AVAILABLE DATA >>
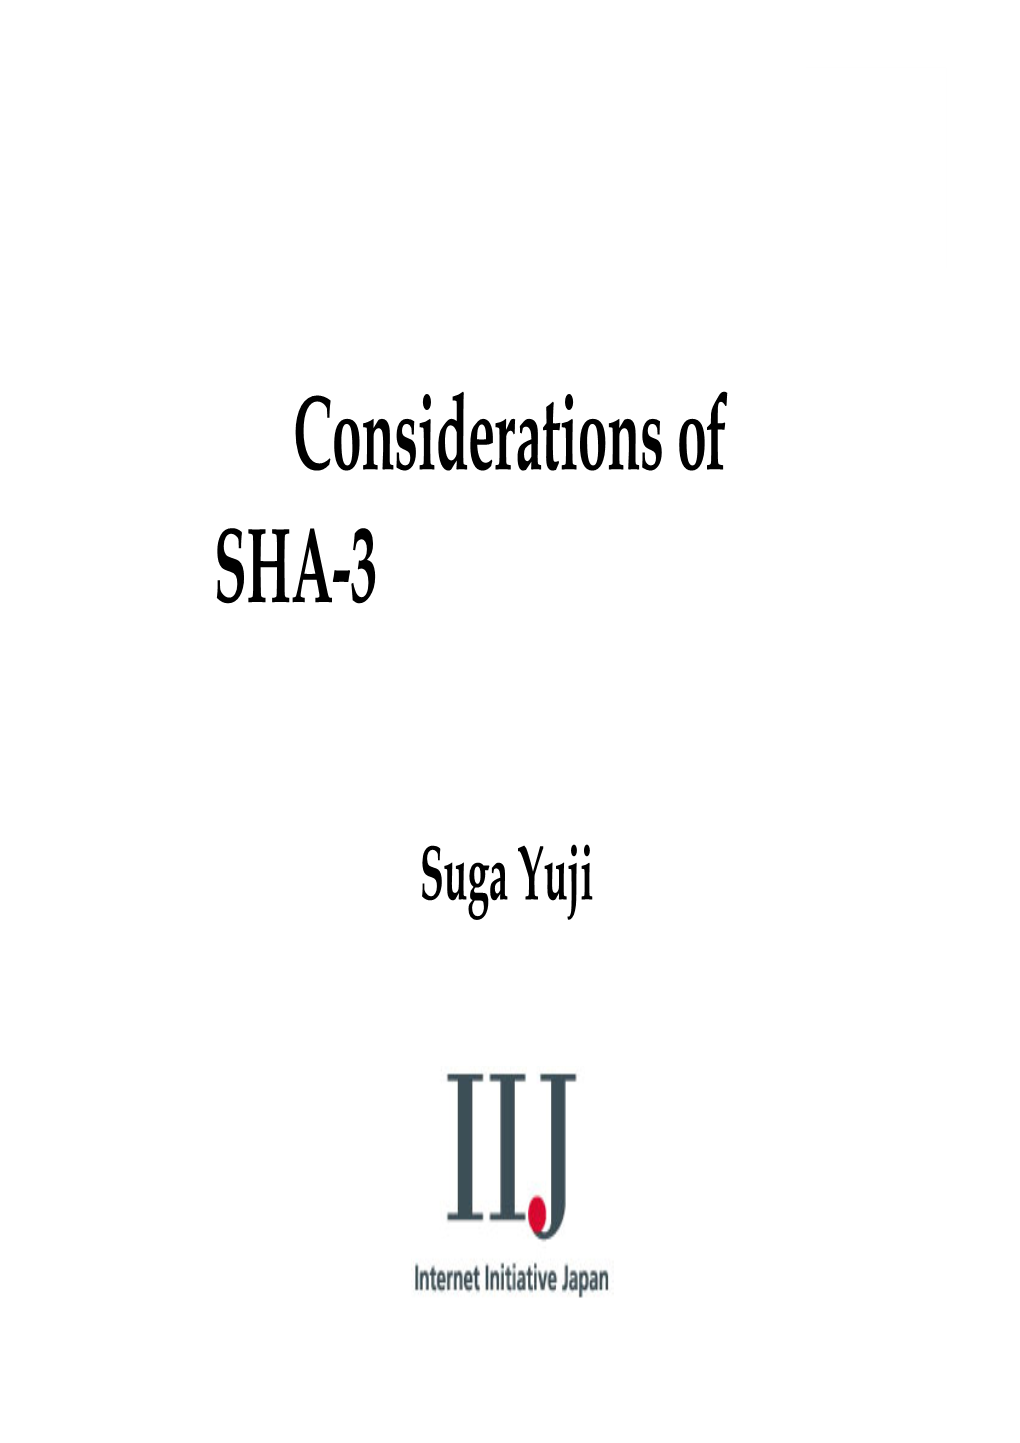 Suga Yuji Considerations of SHA-3 Candidate's Name
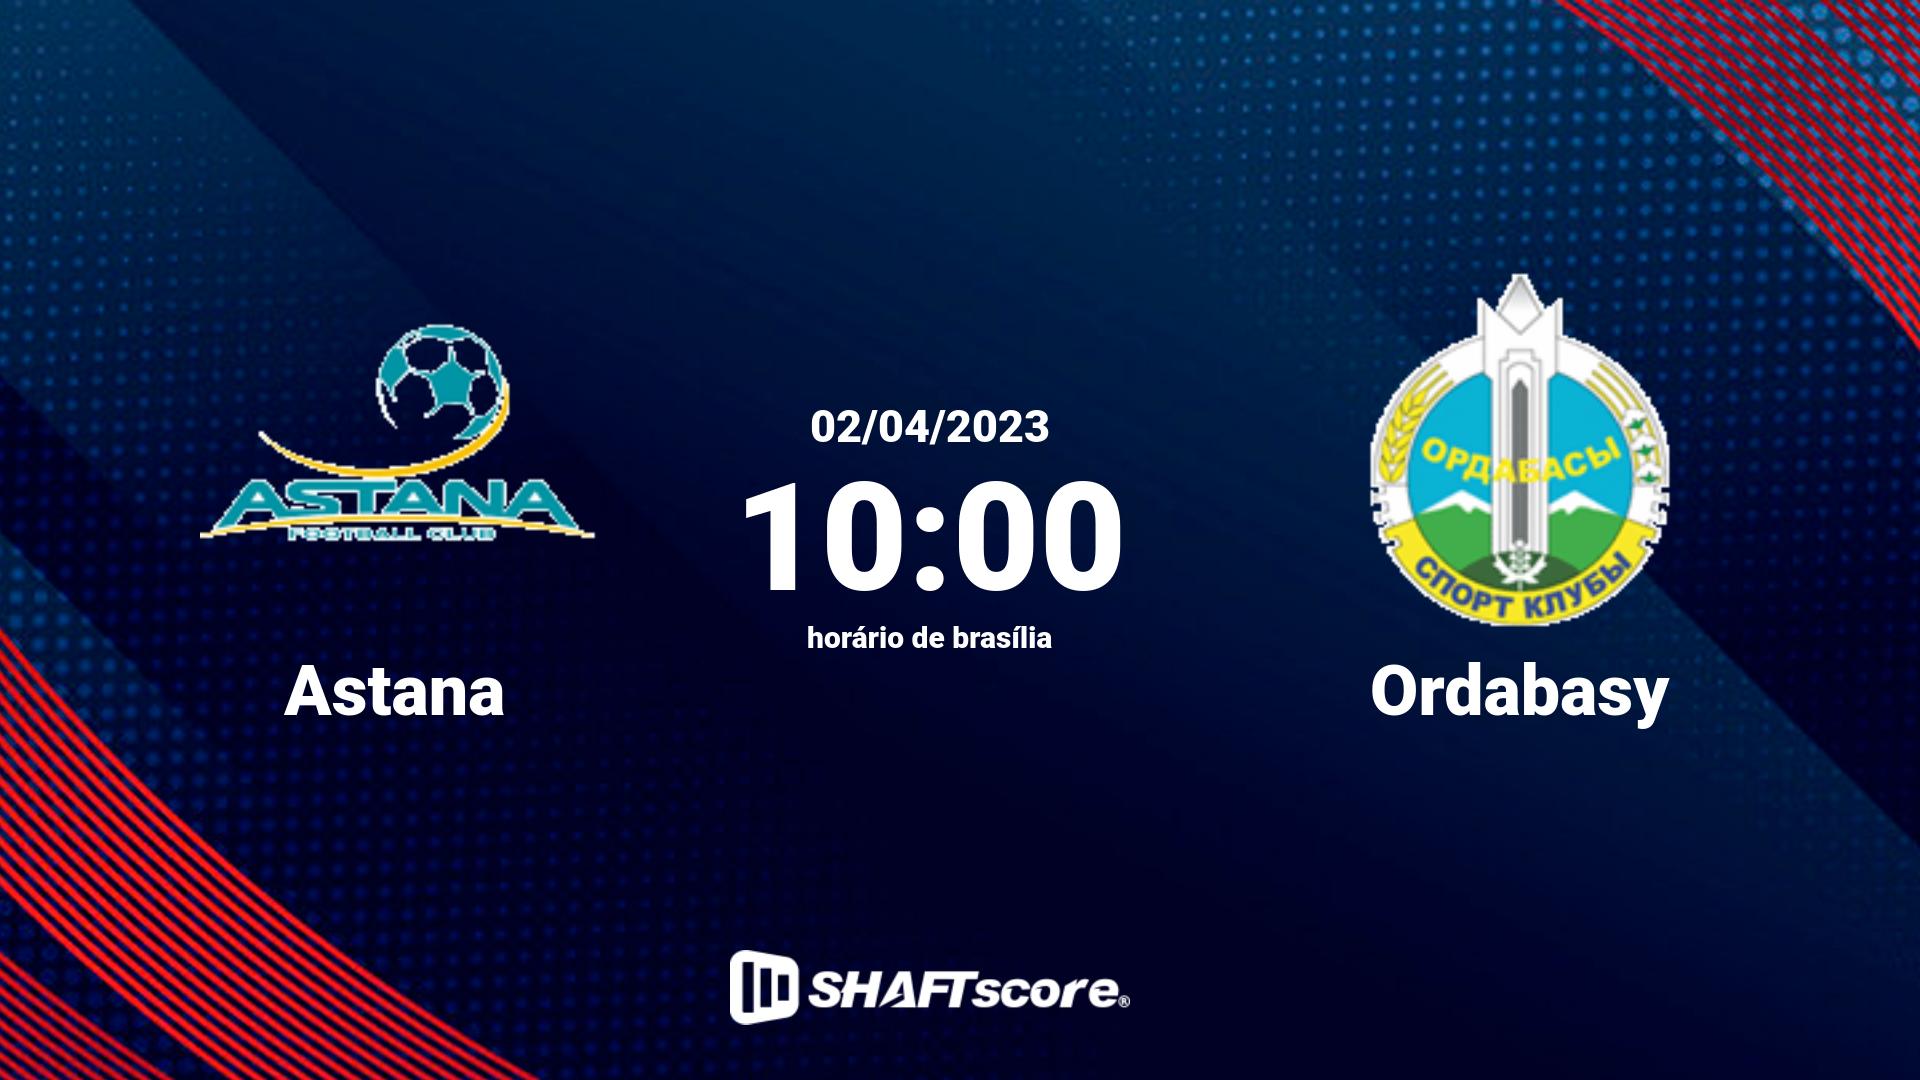 Estatísticas do jogo Astana vs Ordabasy 02.04 10:00
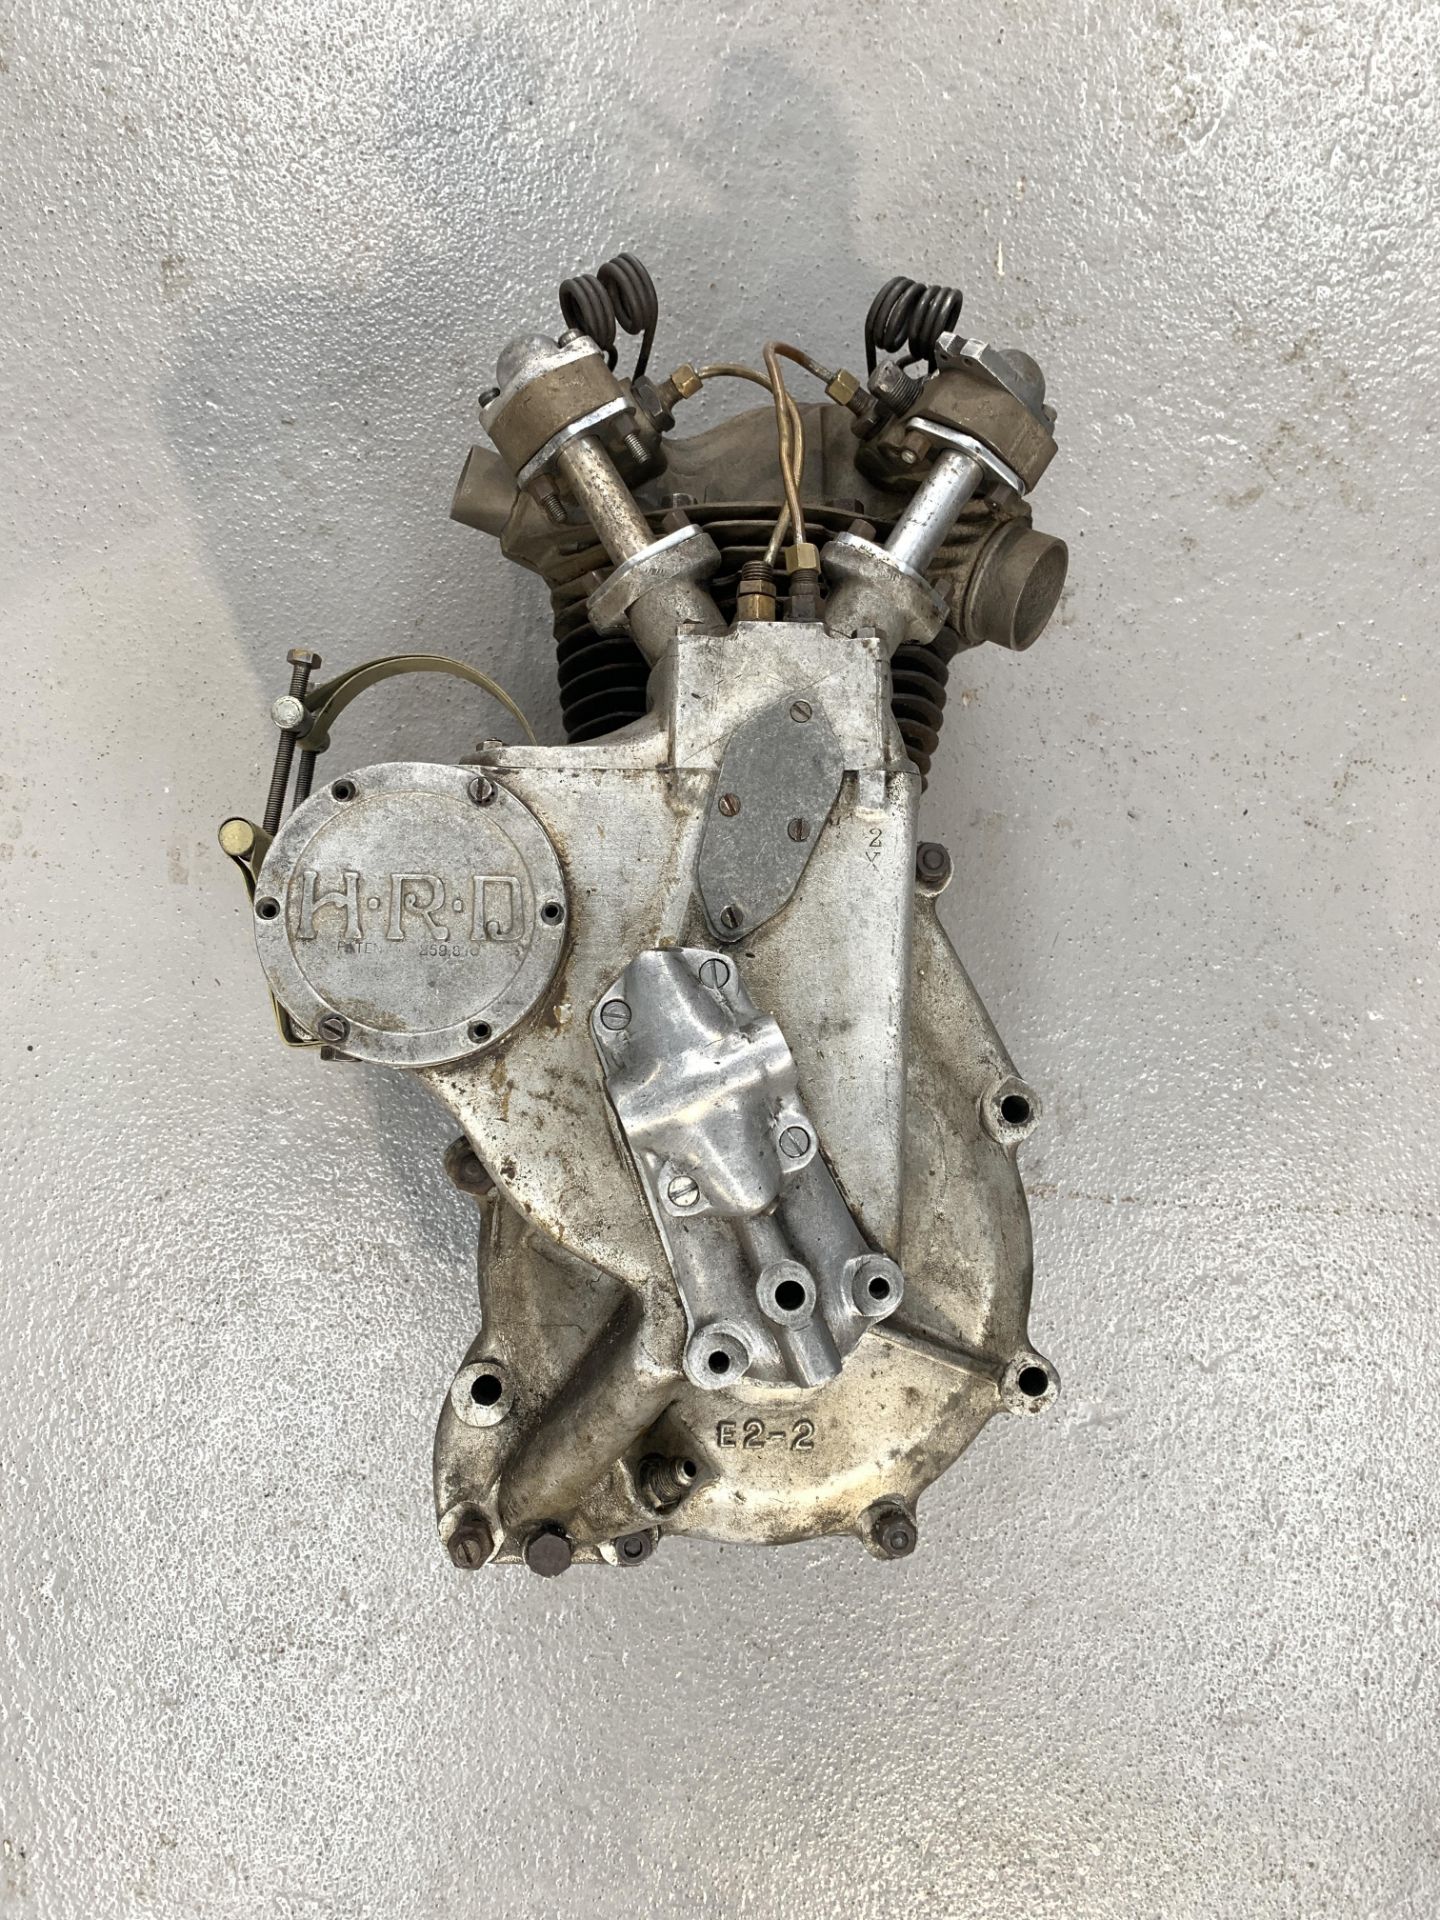 A Vincent-HRD Series-A engine

WHAT IS EXPECTED >>
Copy the data exactly. Any picture it contains is to be omitted.

YOUR SOLUTION >>
 Suga Yuji Considerations of SHA-3 Candidate's Name
 Estatísticas do jogo Astana vs Ordabasy 02.04 10:00
 A Vincent-HRD Series-A engine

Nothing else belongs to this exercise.